Perfekte Rechtschreibung im Blog?

Eine Texterin erzählte mir eine schöne Geschichte über den ‚persischen Fehler‘. Die persischen Knüpfer bauten in ihre Teppiche immer bewusst einen Fehler ein. Warum? Nur Allah könne vollkommen sein. Nun könnte ich behaupten, ich halte es mit den Rechtschreibfehlern genauso. Aber sie sind nicht bewusst eingebaut, ehrlich.

Quelle: http://daa.li/8yt

Quelle: http://daa.li/8yt

Besagte Profi-Schreiberin stellte mir auch die Frage. Warum? Ähm, weil ich schnell blogge. Ich liebe das Kribbeln einer Idee und es genau dann zu teilen. In Marketingworten könnte ich sagen: Der Blog dreht sich nicht um perfekte Texte, sondern um Impulse und Gelerntes. Was mir dabei wichtig ist? Wer es liest, versteht es und muss kein Marketingbla und Wiederholungen ertragen. Ich nenne das blogtauglich.

Ein Blog-Beitrag zeigt ein Stück von mir, wie ich denke und was mich inspiriert. Und auch, dass ich keine Bindestriche mag 😉 Obwohl diese für die Suche wertvoll sind, wie ich von Mona gelernt habe. Für mich gibt es Textsorten, die „unterwegs entstehen“ und solche die fehlerfrei sein sollten.

Wer ist schon perfekt?

Aber mal ehrlich, wieviele Schriftstücke sind wirklich fehlerfrei und perfekt? Wir Menschen sind es glaub‘ nicht. Seit Social Media bin ich grosszügiger geworden mit Rechtschreibfehlern. Einen Beitrag mit kleinen Fehlern lese ich sogar gern. Sie zeigen, es schreibt ein Mensch wie du und ich. Die Texte sind nicht durch eine Kontroll-Maschinerie gelaufen wie in einem Medienhaus. Gefühlt sind für mich zwei Fehler pro Blog-Beitrag ok. In einer Zeitung stört mich schon ein Fehler auf einer Seite.
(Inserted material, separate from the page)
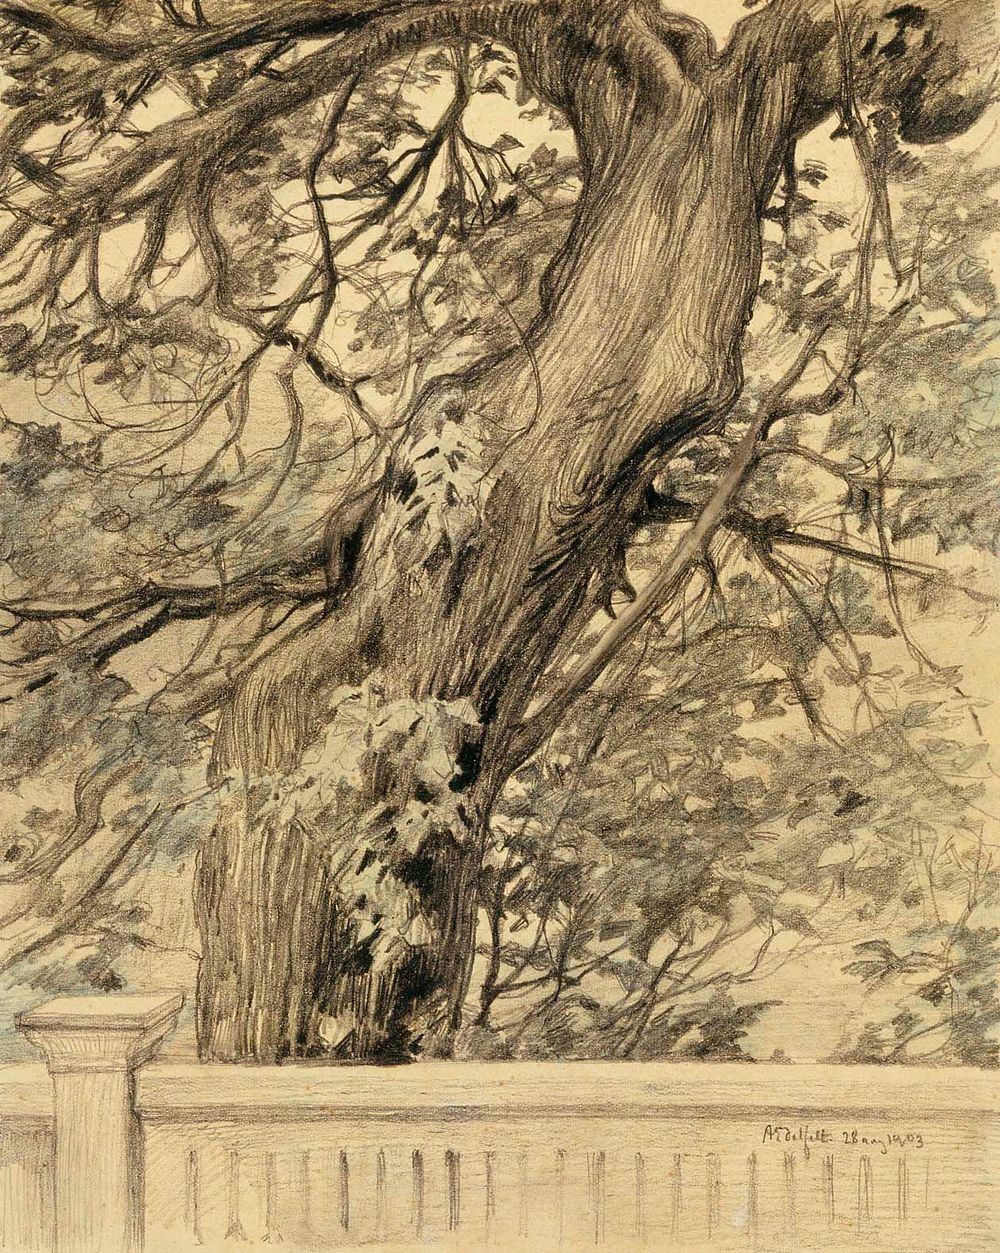 Vanha lehmus, 1903 by Albert Edelfelt

Twitter, Bloggen und Glückwunschkarten

http://twitter.com@ElisaGiovanoli sagte ...

http://twitter.com@ElisaGiovanoli sagte …

Manchem Tweet sieht man an, ob er am Smartphone, unterm Laufen oder mit einer Tastatur getippt wurde. Vielleicht verändern die schnellen Möglichkeiten tatsächlich unsere Schreibweise, wie es Elisabeth in den Raum stellt. Eine Studie konnte ich nicht finden. Aber hier ist ein Beitrag von Blogwerk über typische Fehler.

Beim Bloggen bleib‘ ich erstmal dabei: Raus mit dem Inhalt, dann prüfen und so recht wie möglich schreiben. Meistens freu‘ ich mich, wenn ich noch rechtzeitig Fehler korrigieren kann (also wenn ich sie sehe). Und wenn nicht, ist’s auch ok. Ja, bei Medienmitteilungen und Glückwunschkarten versuche ich, perfekt zu sein. Hier sind ein paar praktische Hilfen für Schreiberlinge: Duden; Korrekturen, Word Prüfung, Verständlichkeit, leicht lesbar und das Blablameter. Kein Bla-Bla gehört ja auch zum guten Stil.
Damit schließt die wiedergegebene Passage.